### Aim of the task
All of the listing must be given again exactly, except that the images are dropped.

### Collected data
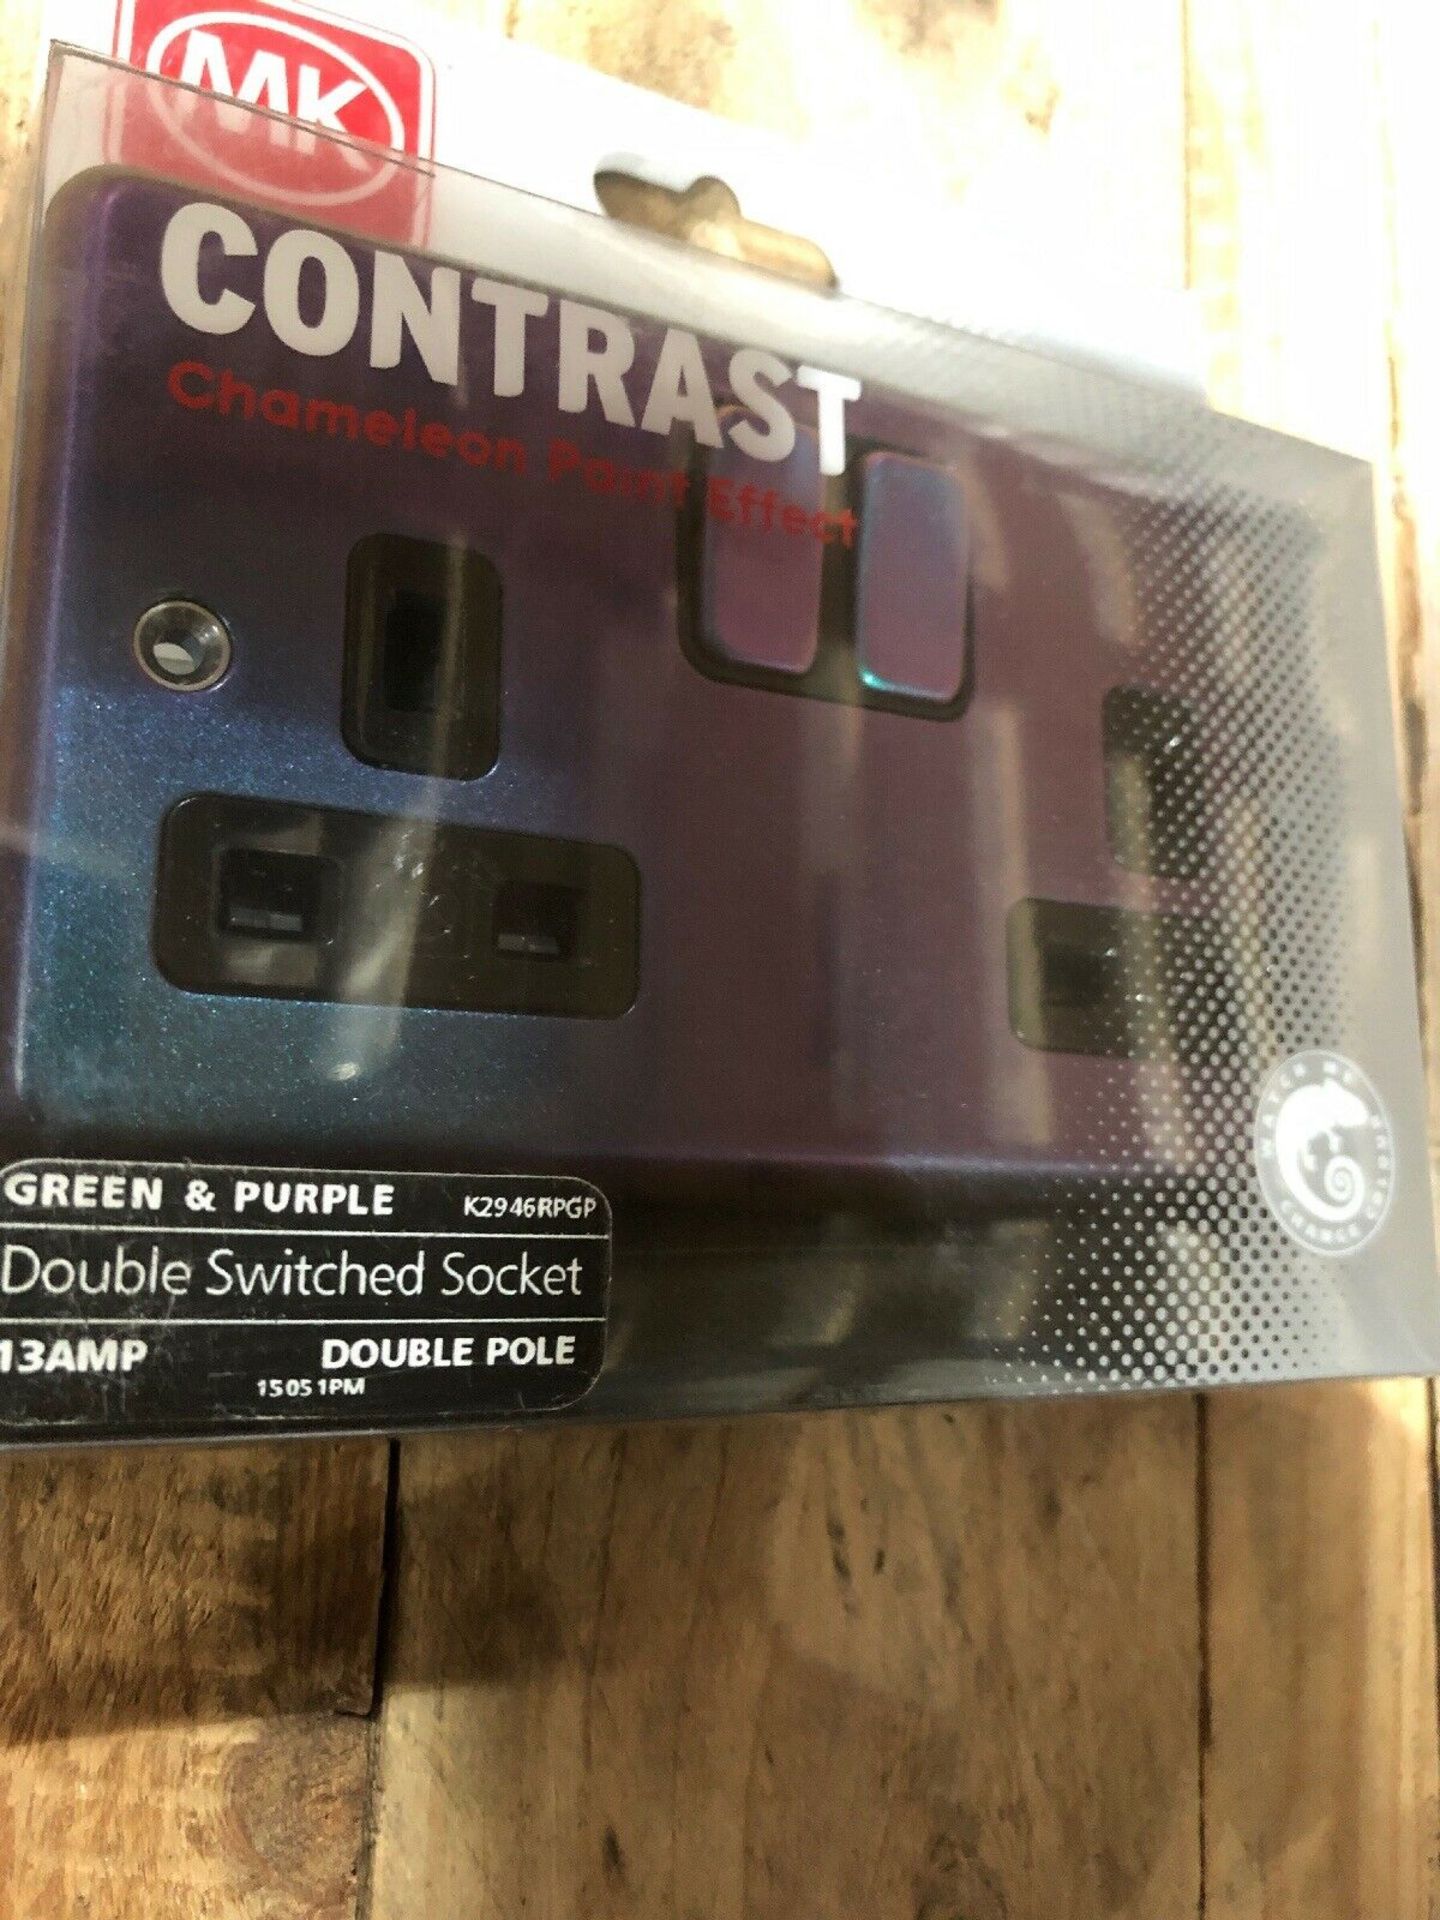 MK Contrast 13amp Green and Purple Double Dwitched Socket
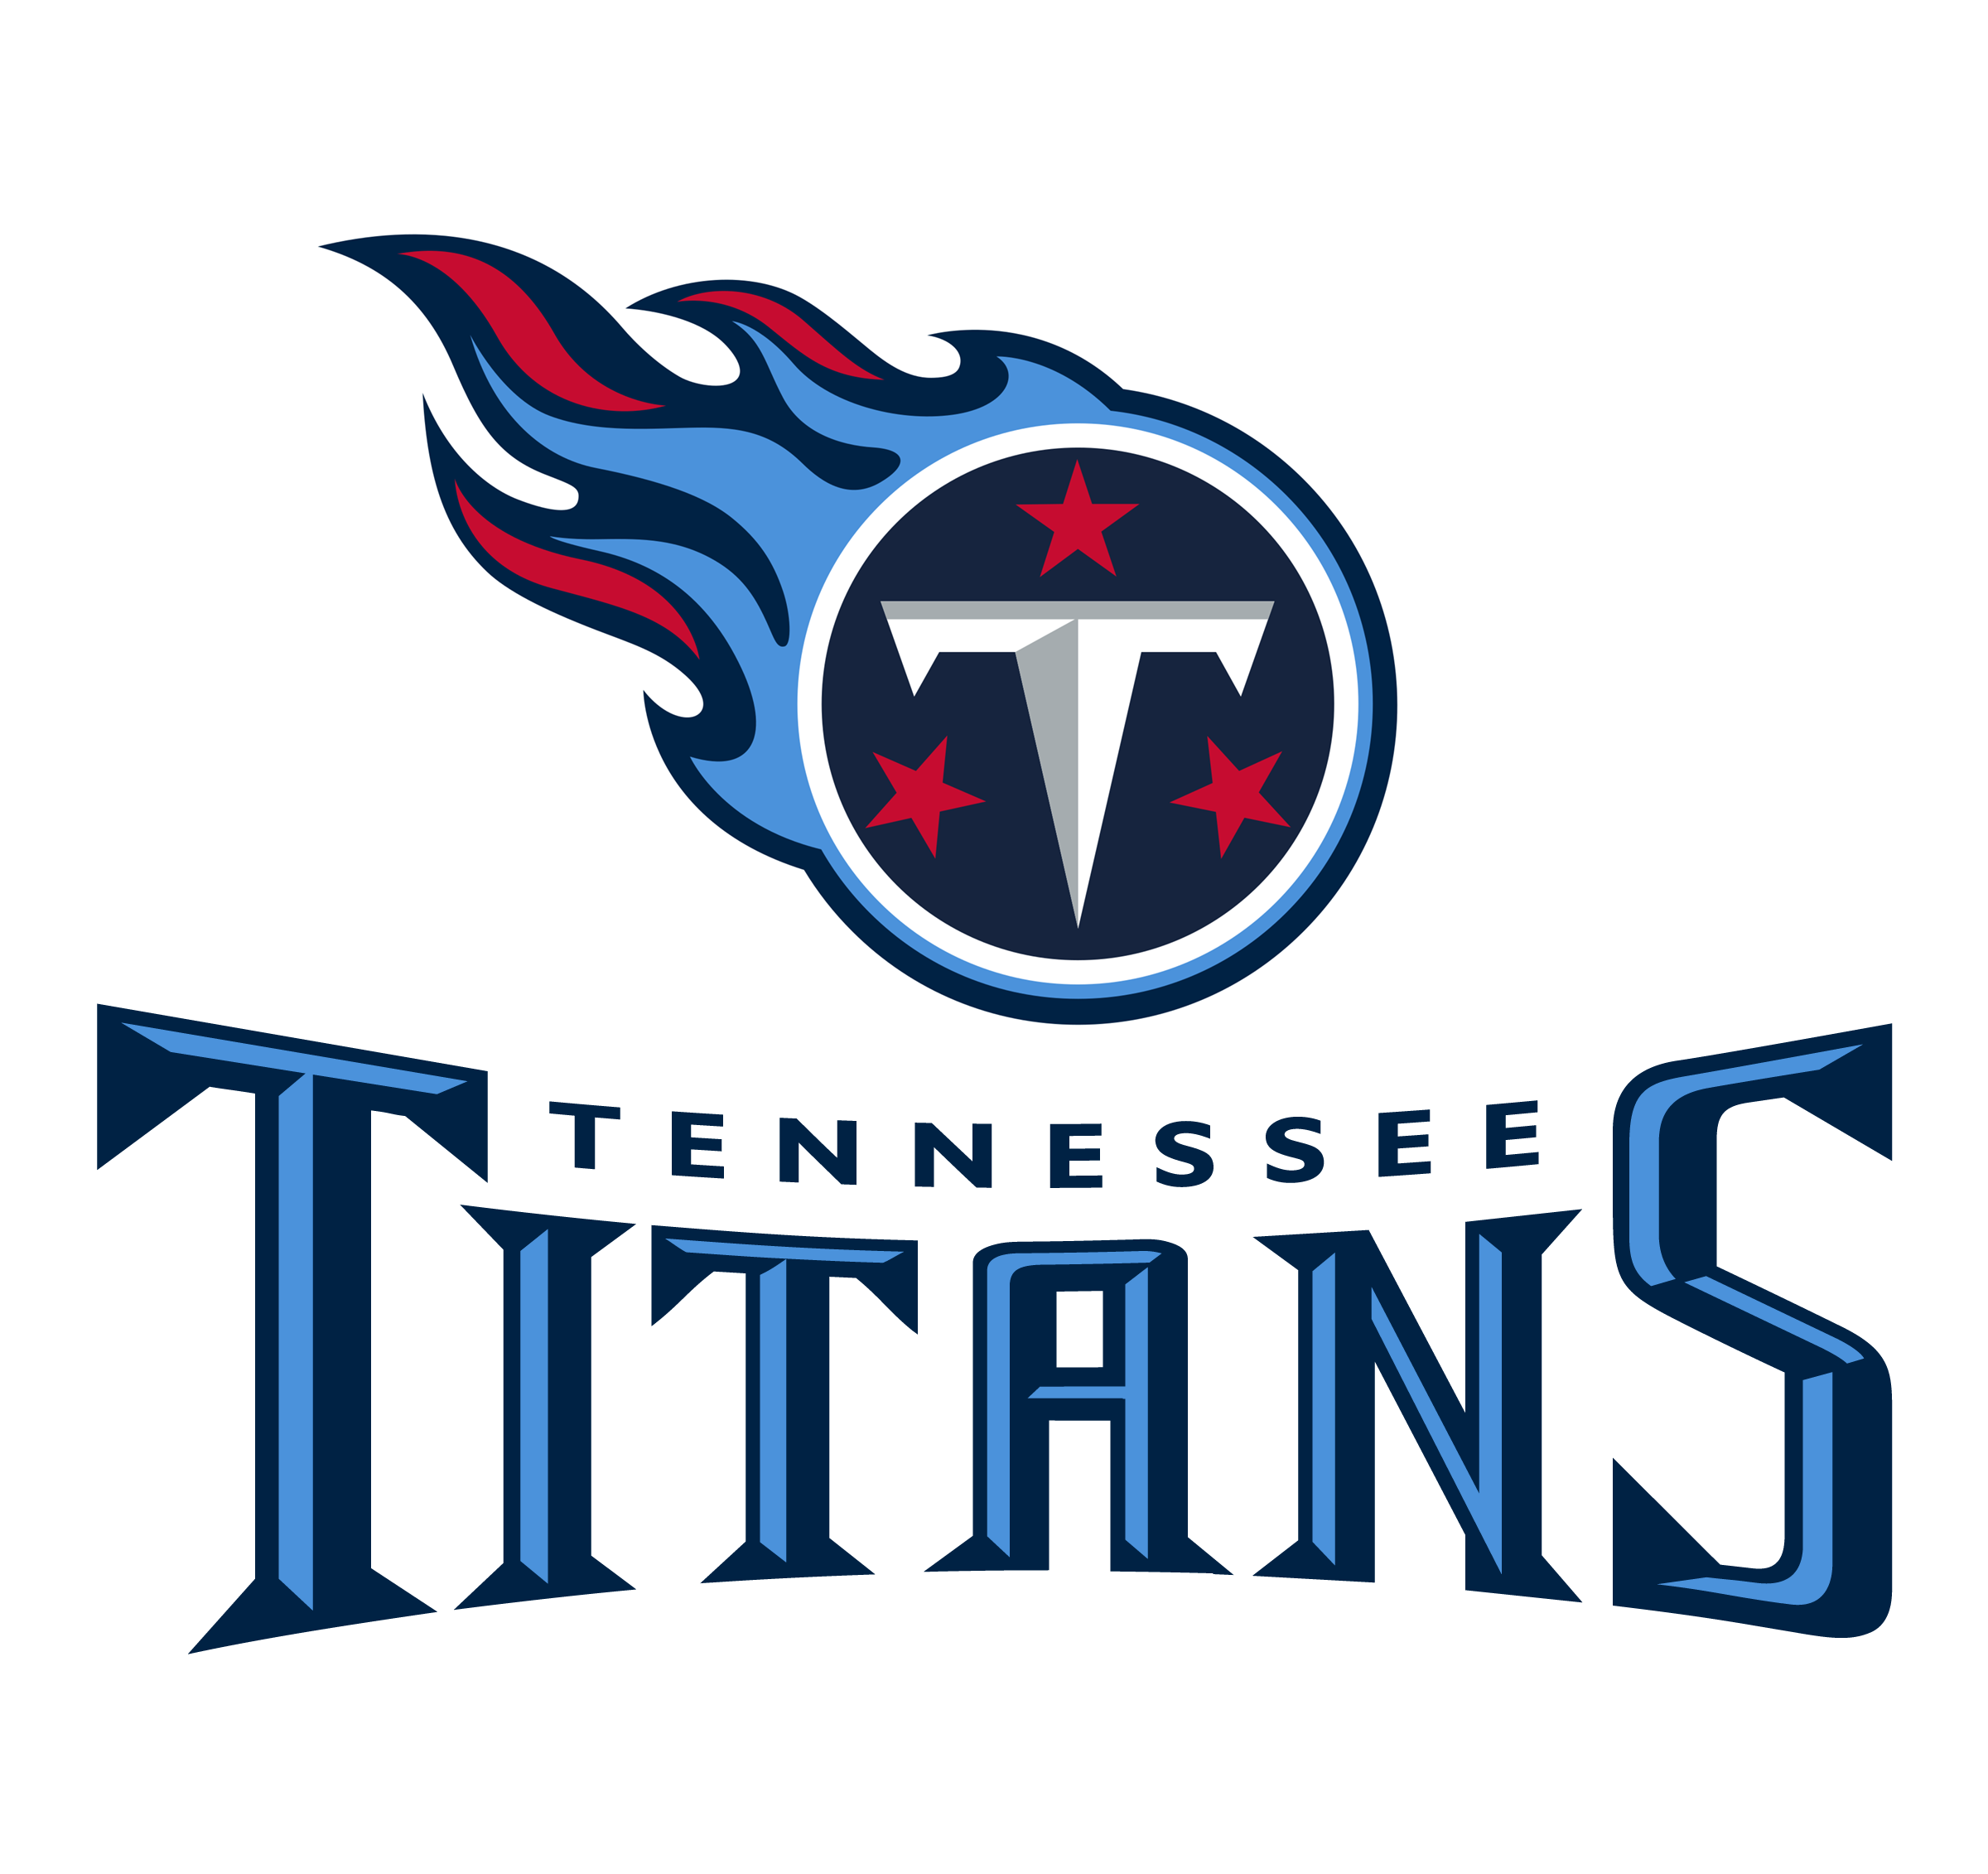 Tennessee Titans Football Logo - Tennessee Titans Vector, Transparent background PNG HD thumbnail
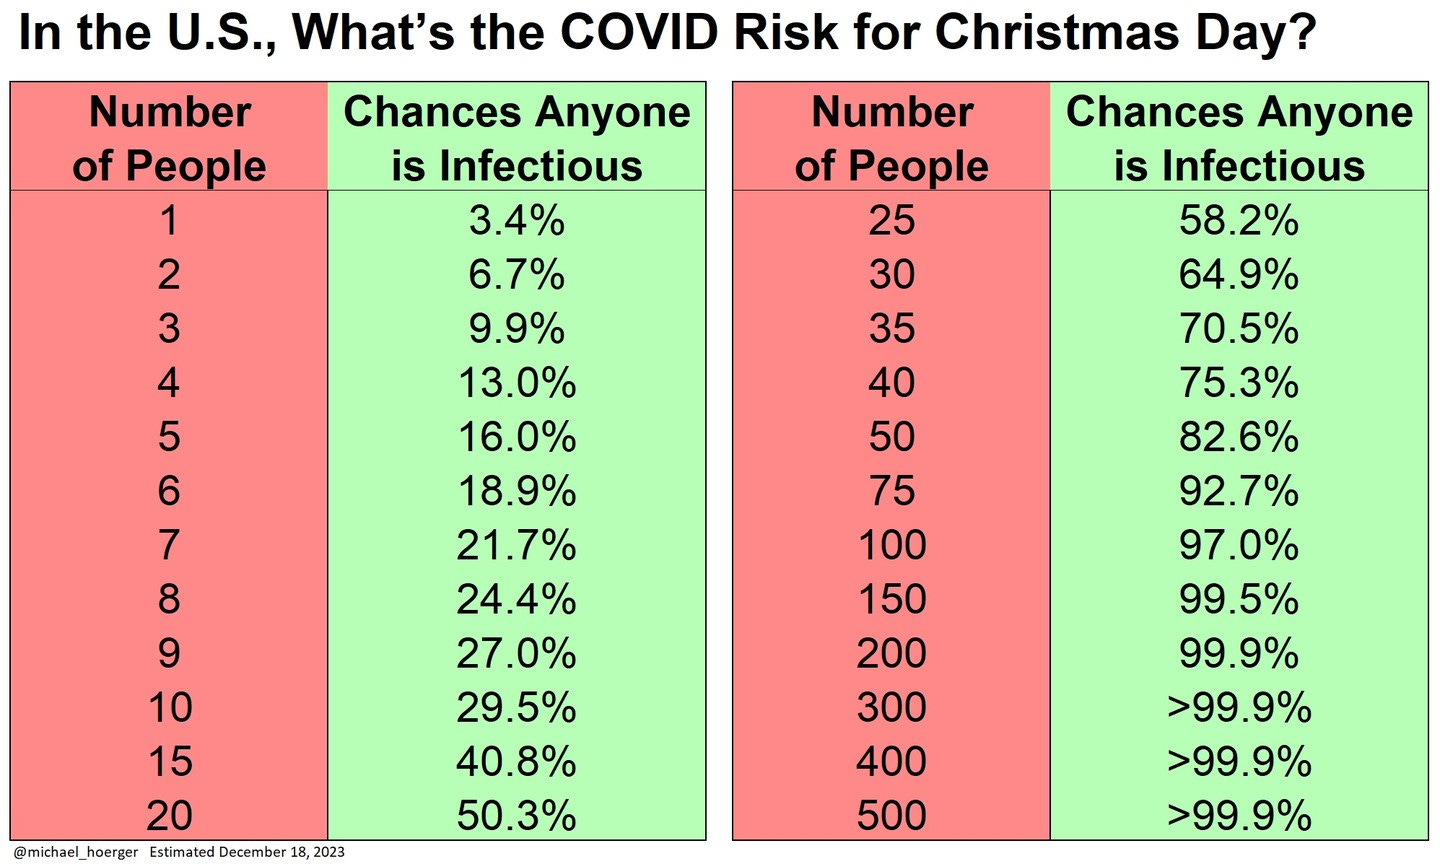 Chart: In the U.S., What's the COVID Risk for Christmas Day?Number of People  |  Chances Anyone is Infectious	1	3.4%2	6.7%3	9.9%4	13.0%5	16.0%6	18.9%7	21.7%8	24.4%9	27.0%10	29.5%15	40.8%20	50.3%25	58.2%30	64.9%35	70.5%40	75.3%50	82.6%75	92.7%100	97.0%150	99.5%200	99.9%300	>99.9%400	>99.9%500	>99.9%
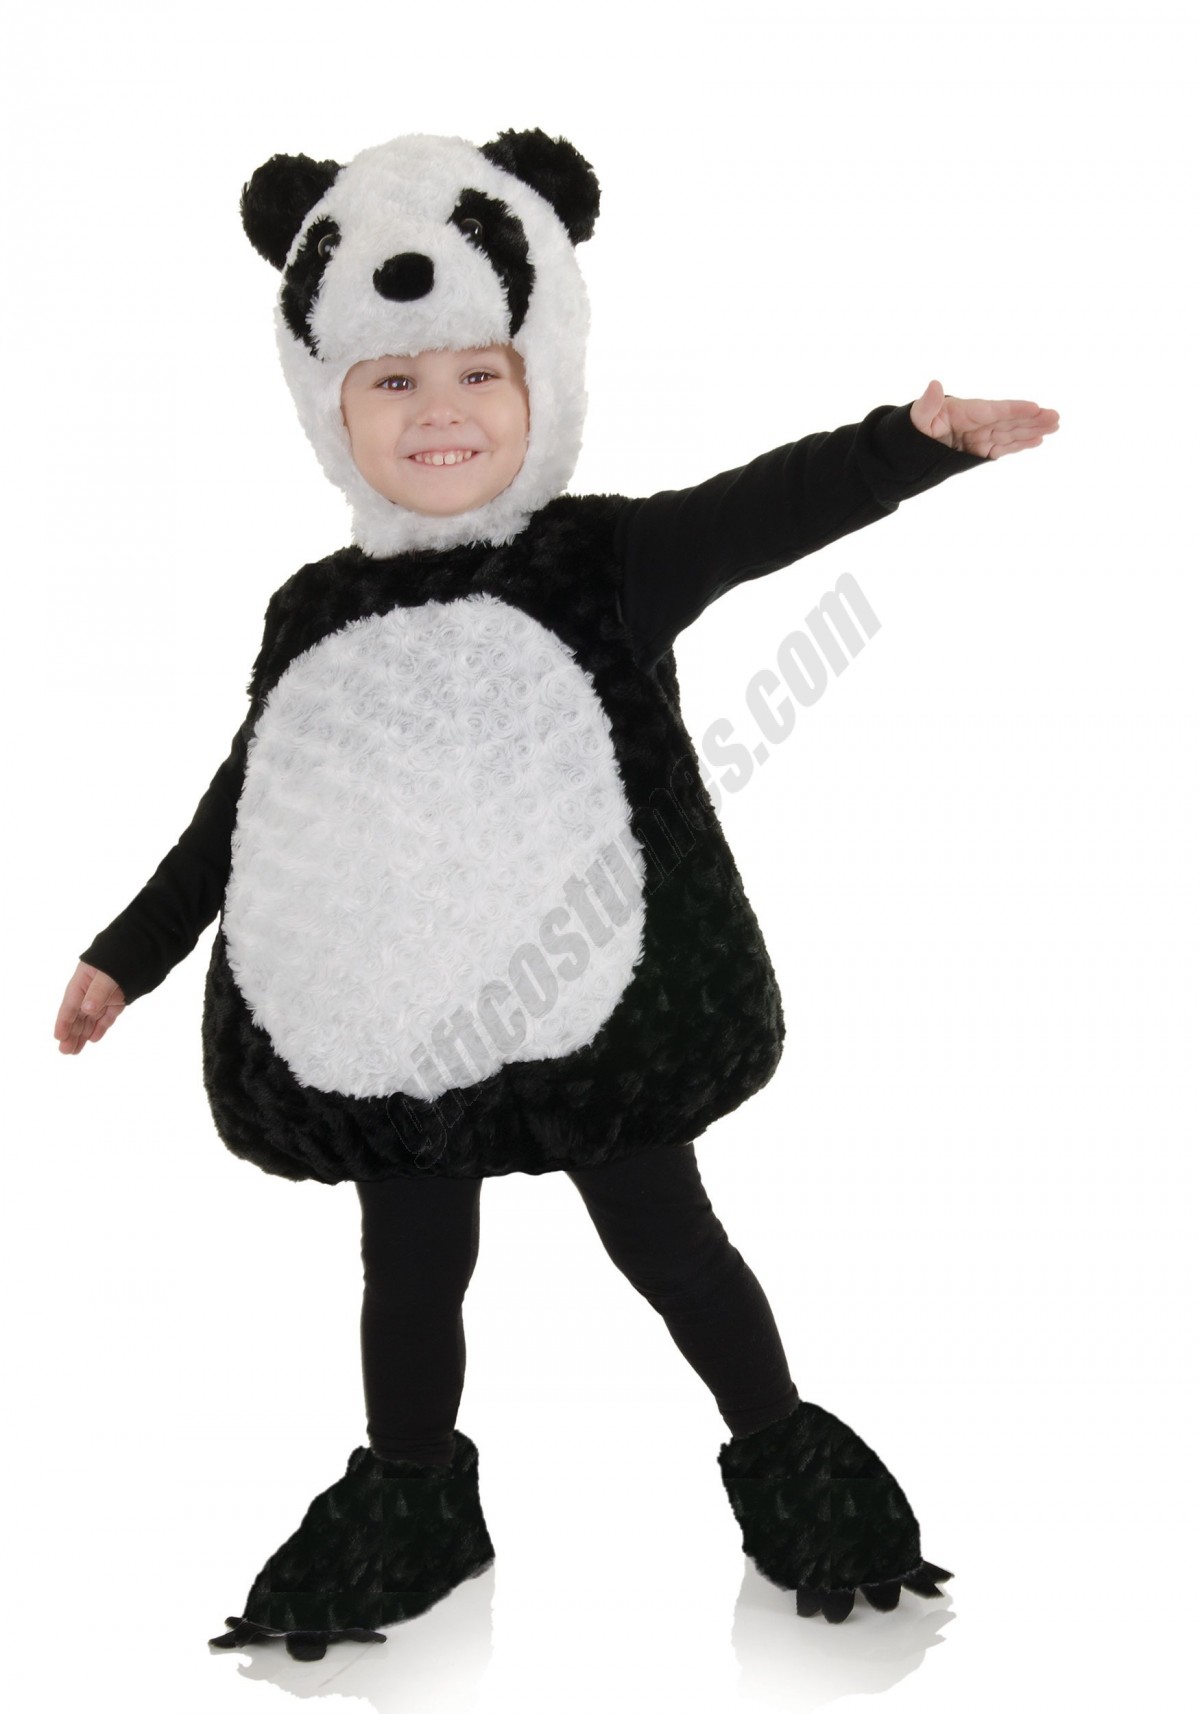 Panda Costume for Toddlers Promotions - -0

### Result
 MK Contrast 13amp Green and Purple Double Dwitched Socket
 Tennessee Titans Football Logo - Tennessee Titans Vector, Transparent background PNG HD thumbnail
 Chart: In the U.S., What's the COVID Risk for Christmas Day?Number of People  |  Chances Anyone is Infectious	1	3.4%2	6.7%3	9.9%4	13.0%5	16.0%6	18.9%7	21.7%8	24.4%9	27.0%10	29.5%15	40.8%20	50.3%25	58.2%30	64.9%35	70.5%40	75.3%50	82.6%75	92.7%100	97.0%150	99.5%200	99.9%300	>99.9%400	>99.9%500	>99.9%
 Panda Costume for Toddlers Promotions - -0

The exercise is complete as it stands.